Many-to-Many: A relationship between two tables where one table has a reference to many tables.
Many-to-One: A relationship between two tables where one table has a reference to many tables.

Understanding Entity Relationships Diagram

Cardinality and Modality

Cardinality refers to the number of instances of one entity that can be associated with an instance of another entity. It defines the quantitative aspect of the relationship between two entities. Minimums and maximums Help define the relationship in a numerical context.

one to one: 1-1
one to many: 1-N
many to many: M-N

Minimums: The minimum number of instances that can be associated with an instance of another entity.
Maximums: The maximum number of instances that can be associated with an instance of another entity.

Modality (also known as optionality) refers to the minimum number of instances that must be involved in a relationship between entities. It defines whether participation in a relationship is mandatory or optional.

Indexes in Databases

Indexes in databases are data structures that improve the speed of data retrieval operations on a table. They work like a book's index, allowing the database to find rows quickly without scanning the entire table. There are different types of indexes, each suited for specific scenarios.

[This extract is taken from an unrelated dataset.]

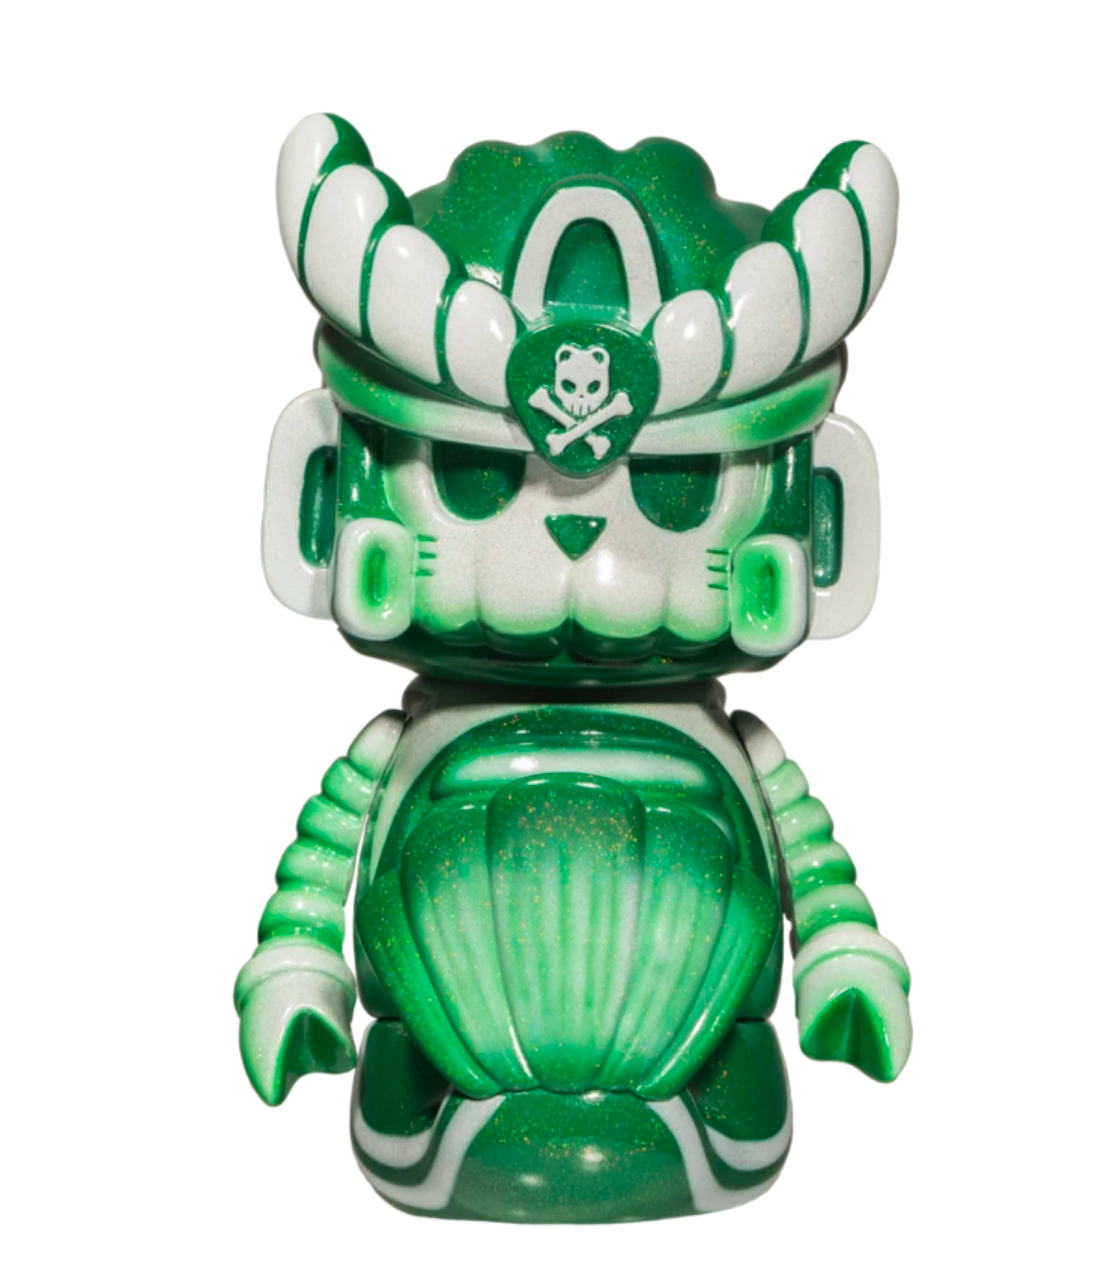 Quiccs MerTEQ Liat Orchard Green Edition 6-inch vinyl art toy by Mighty Jaxx Available Now ! ! !

Think of an index as a bookshelf, or a phonebook with an index on the name.

Types of Indexes

1. Clustered Index

A clustered index determines the physical order of data in a table. There can be only one clustered index per table because the data rows themselves are stored in the index order. When a table has a clustered index, it’s called a clustered table.

Example: Consider a Users table where UserID is the primary key. If you create a clustered index on UserID, the rows in the Users table will be physically stored in ascending order of UserID.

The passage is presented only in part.